As for how Paul reacts, I want to shout out Uche for giving an achingly real performance as Paul struggles to process the image of the beach. He’s so overwhelmed by the majestic beauty, it nearly reduces him to tears and it really helps to sell how precious this Relic is. The burning of the rest of the brochure feels a little knee-jerk reactionary (particularly since Paul doesn’t know about the cameras at this point if I’m not mistaken), but it’s actually a very smart thing to do.
But Terry, do you think that he kept the single image for himself or is it proof that he’ll use to convince Kat of the outside world? If Camille is truly up to something more, do you think she’s a Flamekeeper or merely an opportunist? And what do you think will happen in the S01 finale?!
TERRY
Lots of questions and lots of unknowns, Joe. Given the name of the finale is “Outside”, I’m guessing that Jules will go…well, outside. If she knows that the outside world isn’t the damaged and destroyed place that everyone in the silo believes it to be, I think she would embrace being sent out “to clean.” And if, as your question suggests, Paul uses the page to convince Kat of the outside world, I’m wondering if a number of people will be joining Jules outside.
I’m unsure of Camille’s motives and my theory-crafting is based on a line-reading of a very small bit of dialogue. But it would be a fun twist to find out that Sims–or, at the very least, his wife–has been doing everything they’ve done to topple the silo regime. But who knows at this point.
The best thing about Silo right now is that I don’t really know what to expect with the finale! I would like to see what this door is all about in the underground that George kept talking about. I wonder if that’s actually the way Jules gets to the surface. I would also like to know what’s going on with the keychain and if that number 18 denotes their specific silo. Surely, at this point, we can assume they aren’t the only silo in America.
Which leads to the biggest question: Why. Is the silo a way of enslaving folk to create energy for the rest of America?

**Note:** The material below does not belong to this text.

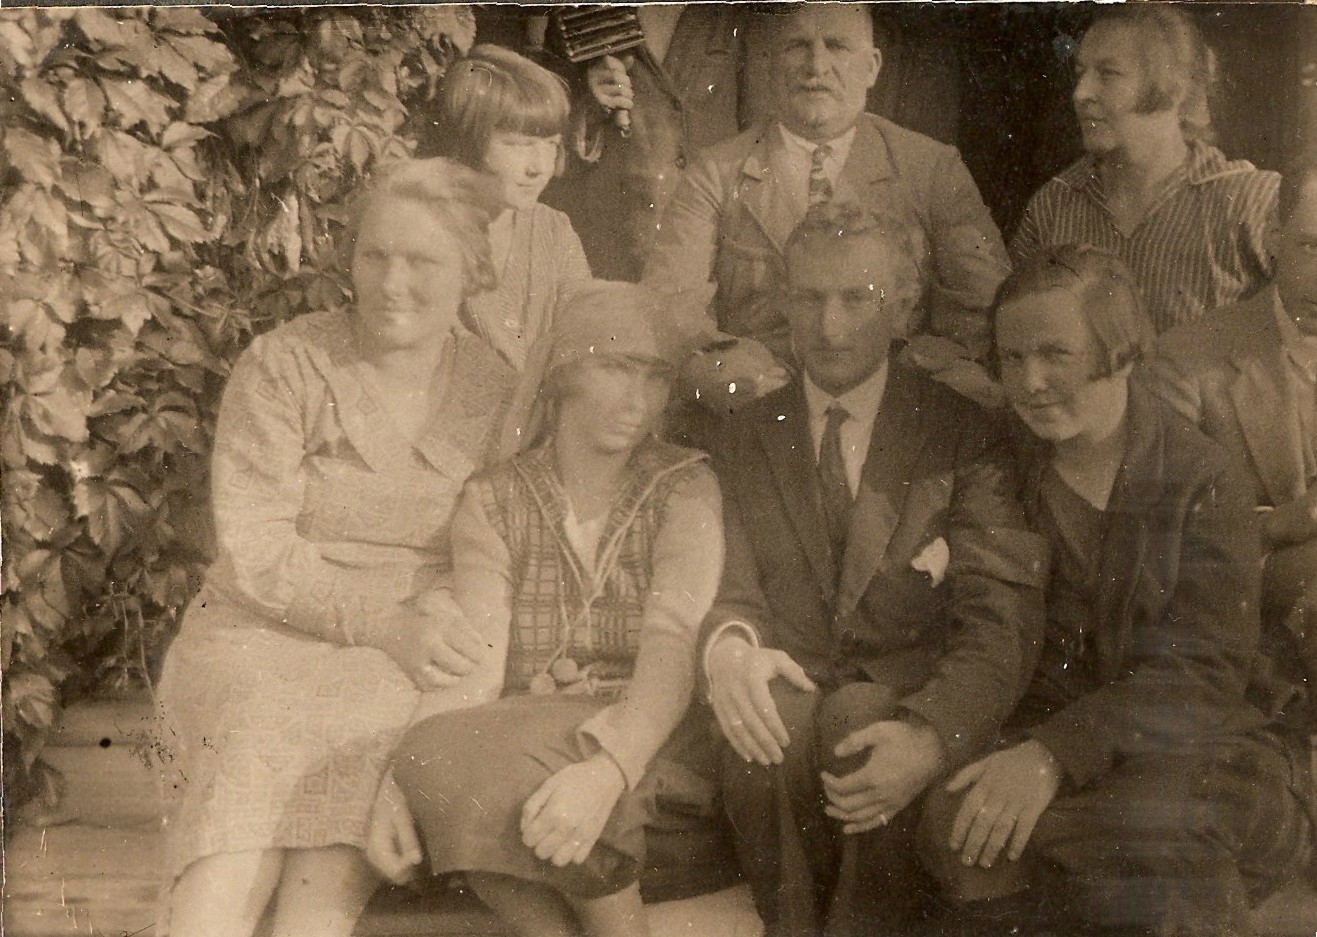 Klemens, Hanna, Kazimierz i ciotki Płońskie w 1927 roku / źródło: archiwum rodzinne Krzysztofa Strzałkowskiego

Are there rich people on the top who are benefiting from whatever it is the silos are doing? And did Allison and Holston survive? Or did their suits secrete some kind of poison to kill them?
All I know is that I’m excited to finish this first season–particularly knowing that a second one is a sure thing now–and I can’t wait to find out what happens when we head back to Queer.Horror.Movies for the season one finale, “Outside.”